理论知识
YOLOX中的解耦合头与理解
解耦合头是在YOLOX中提出的,可以看出,原先YOLO的检测头是耦合的,通道数包括置信度,类别和预测框坐标这三类。而解耦合头是将上述的三个预测任务分别进行预测而非统一预测。这样的好处在于能够进一步提高检测精度。
在CVPR2020的“Revisiting the Sibling Head in Object Detector”一文中,原文的作者认为,在目标检测的定位和分类任务中,两个任务所聚焦和感兴趣的地方不同,分类任务更关注所提取的特征与已有类别哪一类最为相近,而定位任务更加关注与GT Box的位置坐标从而进行边界框参数修正。因此如果采取用同一个特征图(耦合头)进行分类和定位,效果会不好。

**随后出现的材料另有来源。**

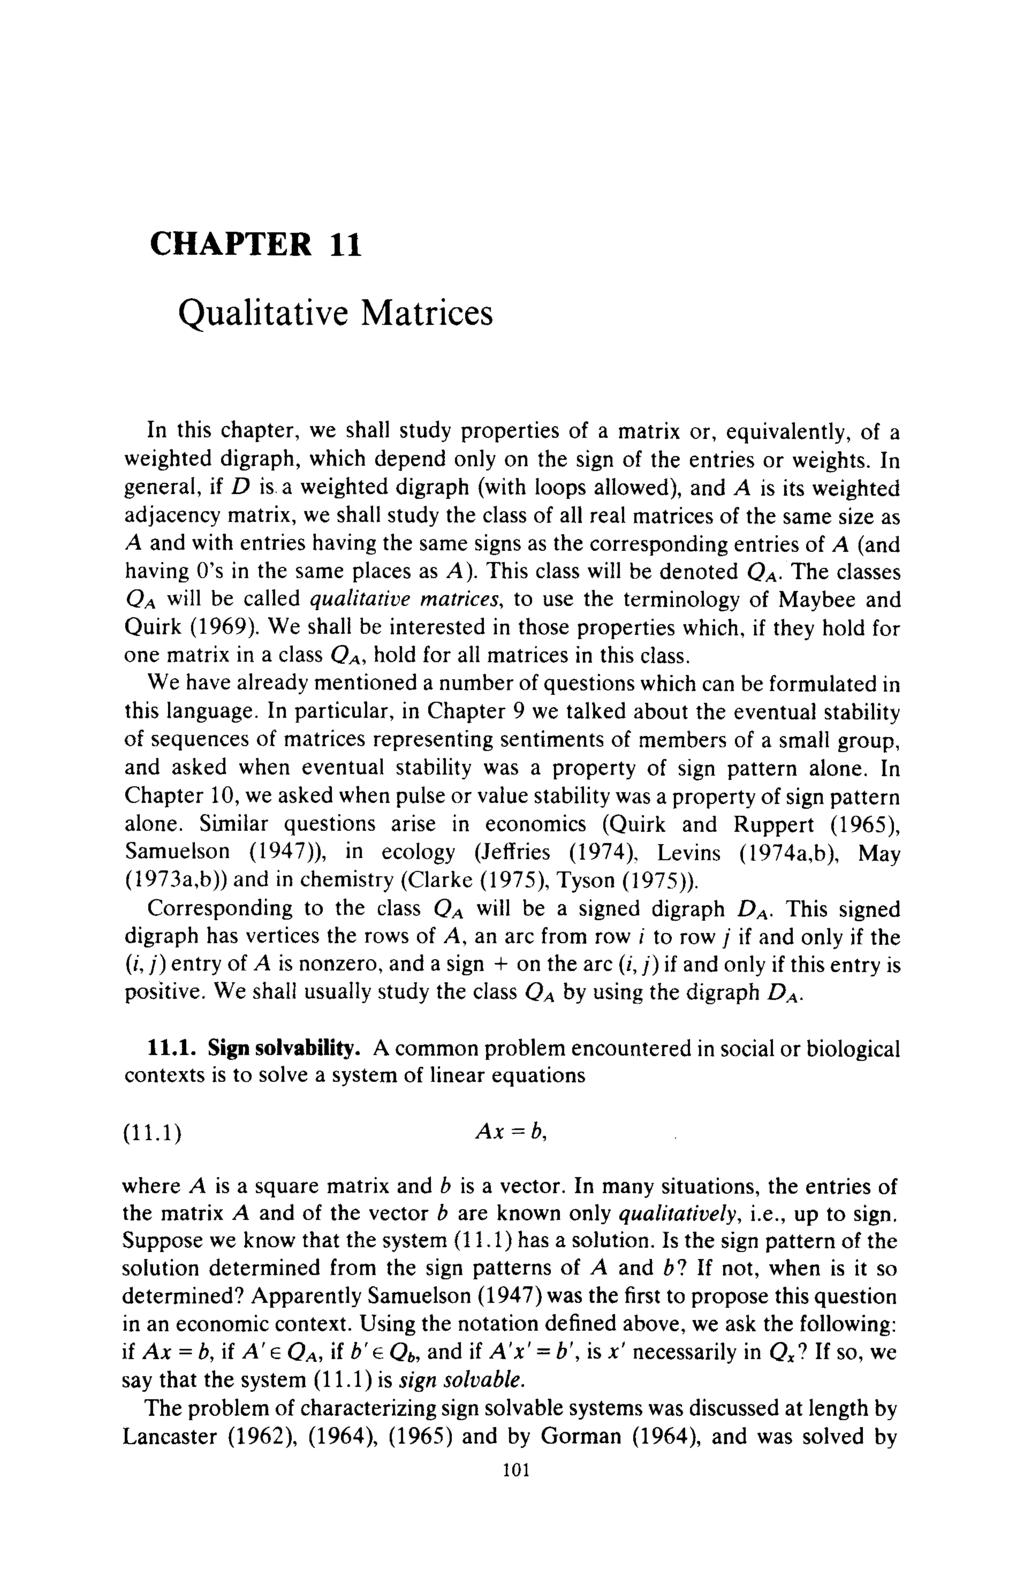 CHAPTER 11 Qualitative Matrices In this chapter, we shall study properties of a matrix or, equivalently, of a weighted digraph, which depend only on the sign of the entries or weights.
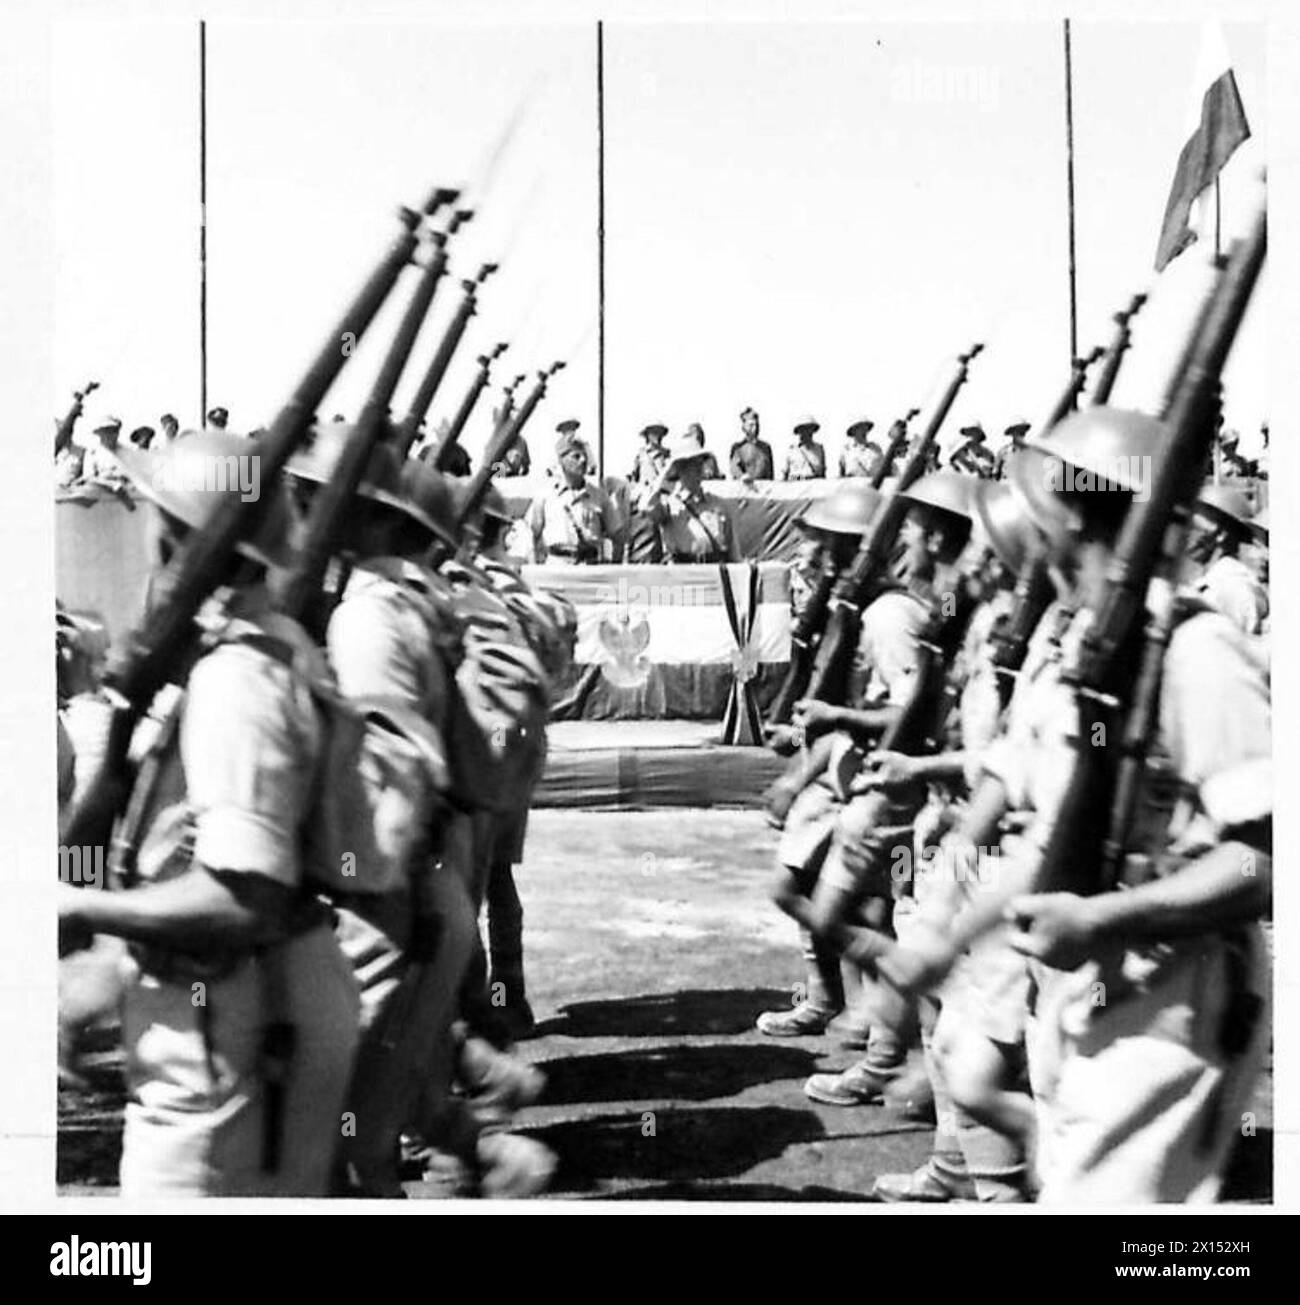 THE POLISH ARMY IN THE MIDDLE EAST, 1942-1943 - General Władysław Sikorski, the Commander-in-Chief of the Polish Armed Forces, taking the salute at the march past of the infantry battalion of the 5th Wilno Infantry Division, an unit of the Polish Army in the East (future 2nd Polish Corps) at their camp around Kirkuk. Photograph taken during General Władysław Sikorski's official tour in Iraq Polish Army, Polish Armed Forces in the West, Polish Corps, II, Polish Armed Forces in the West, Polish Army in the Soviet Union, 5th 'Wilno' Infantry Division, Sikorski, Władysław, Anders, Władysław Stock Photo

此外,在论文Rethinking Classification and Localization for Object Detection中也提出了类似的观点(fc-head更适合分类任务,conv-head更适合定位任务)。
YOLOv6中的解耦合头
YOLOv6对解耦头进行了精简设计后,同时综合考虑到相关算子表征能力和硬件上计算开销这两者的平衡,采用 Hybrid Channels 策略重新设计了一个更高效的解耦头结构,在维持精度的同时降低了延时,缓解了解耦头中 3x3 卷积带来的额外延时开销。通过在 nano 尺寸模型上进行消融实验,对比相同通道数的解耦头结构,精度提升 0.2% AP 的同时,速度提升6.8%。具体来说,改进是两点:
- 将解耦头中最后的两个3*3卷积层改成一层;
- 将这个3*3卷积层的输出通道改为与输入通道一致。
YOLOv5中使用YOLOv6提出的Efficient Decoupled Head解耦合头
在yolo.py
中引入下面的Decoupled_Detect
类
class Decoupled_Detect(nn.Module):
# YOLOv5 Detect head for detection models
stride = None # strides computed during build
dynamic = False # force grid reconstruction
export = False # export mode
def __init__(self, nc=80, anchors=(), ch=(), inplace=True): # detection layer
super().__init__()
self.nc = nc # number of classes
self.no = nc + 5 # number of outputs per anchor
self.nl = len(anchors) # number of detection layers
self.na = len(anchors[0]) // 2 # number of anchors
self.grid = [torch.empty(0) for _ in range(self.nl)] # init grid
self.anchor_grid = [torch.empty(0) for _ in range(self.nl)] # init anchor grid
self.register_buffer('anchors', torch.tensor(anchors).float().view(self.nl, -1, 2)) # shape(nl,na,2)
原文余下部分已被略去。